The two classes of statistical tests are called parametric and nonparametric. The word parametric comes from "metric," meaning to measure, and "para," meaning beside or closely related; the combined term refers to the assumptions about the population from which the measurements were obtained. Nonparametric data do not meet such rigid assumptions. Nonparametric tests sometimes are referred to as "distribution-free." That is, the data can be drawn from a sample that may not follow the normal distribution (1).
Before a parametric test can be undertaken, it must be ascertained that: 1) the samples are random (i.e., each member of the population has an equal chance of being selected for measurement); 2) the scores are independent of each other; 3) the experiments are repeatable with constancy of measurements from experiment to experiment; 4) the data are normally distributed; and 5) the samples have similar variances (1,2). Parametric statistics use mean values, standard deviation and variance to estimate differences between measurements that characterize particular populations.
The two major types of parametric tests are Student's t-tests (Student is the name of the statistician who developed the test) and analyses of variance (ANOVA). Nonparametnc tests use rank or frequency information to draw conclusions about differences between populations. Parametric tests usually are assumed to be more powerful than nonparametric tests. However, parametric tests cannot always be used to analyze the significance of differences because the assumptions on which they are based are not always met.
A statistical test can never establish the truth of an hypothesis with 100-percent certainty. Typically, the hypothesis is specified in the form of a "null hypothesis," i.e., the score characterizing one group of measurements does not differ (within an acceptable margin of measurement error) from the score characterizing another group. Note the hypothesis does not state the two scores are the same; rather, it states no significant difference can be detected. Performing the statistical procedure yields a test result that helps one reach a decision that 1) the scores are not different (the hypothesis is confirmed) or 2) the difference in the scores is too great to be explained by chance (the hypothesis is rejected).
Rejecting the hypothesis when it actually is true is called a Type-I error. Failure to reject the hypothesis when it is false is termed a Type-II error. For convenience and simplicity, a 5-percent risk of making a Type-I error has become conventional; one should be correct 95 out of 100 times when using the listed value in the probability tables to accept or reject the hypothesis.

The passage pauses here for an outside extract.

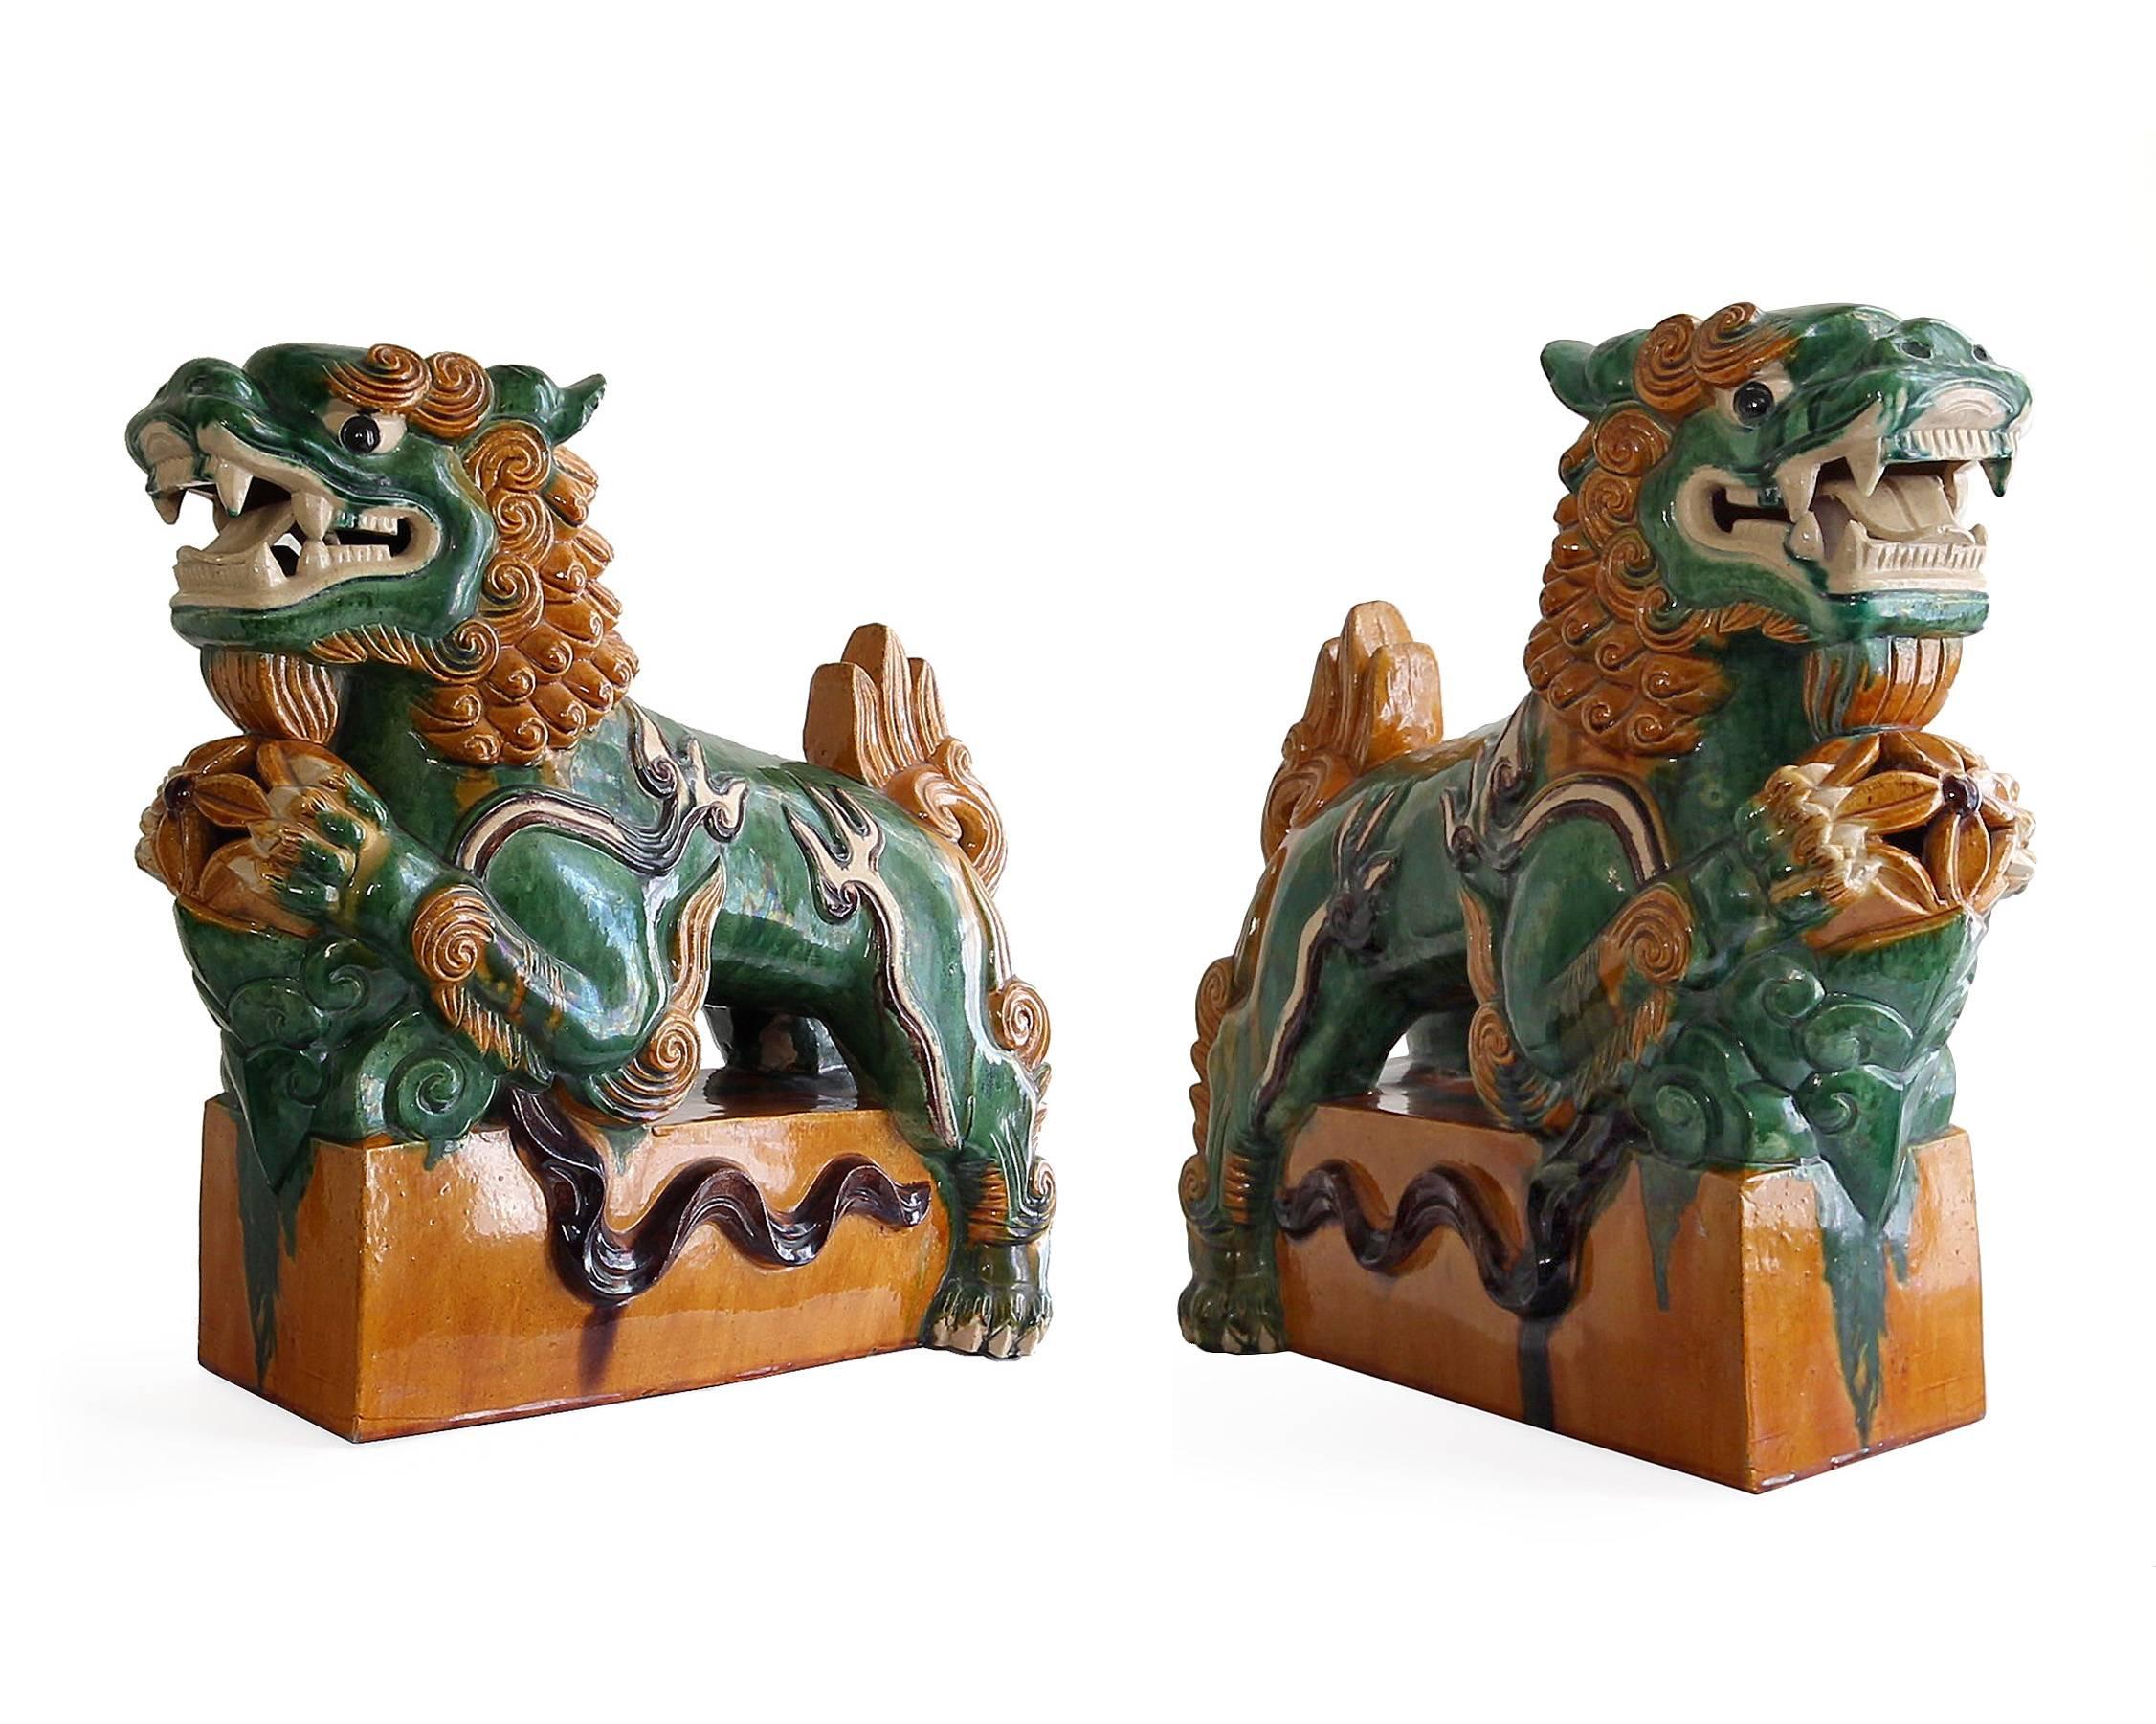 Extremely decorative and colorful pair of Chinese Sancai glazed statues in the form of foo dog lions on resting on pedestals with a ball in their front paws. Each in a mirrored format with open jaws.

Each measures approximately 18

In statistics, robustness is the degree to which a test can stray from the assumptions before changing the confidence you have in the result of the statistical test you have used. Choosing a nonparametric test trades the power, or large sample size (3), of the parametric test for robustness (4). Further, a method requiring few and weak assumptions about the population(s) being sampled is less dependable than the corresponding parametric method and increases the chances of committing a Type-Il error (5,6).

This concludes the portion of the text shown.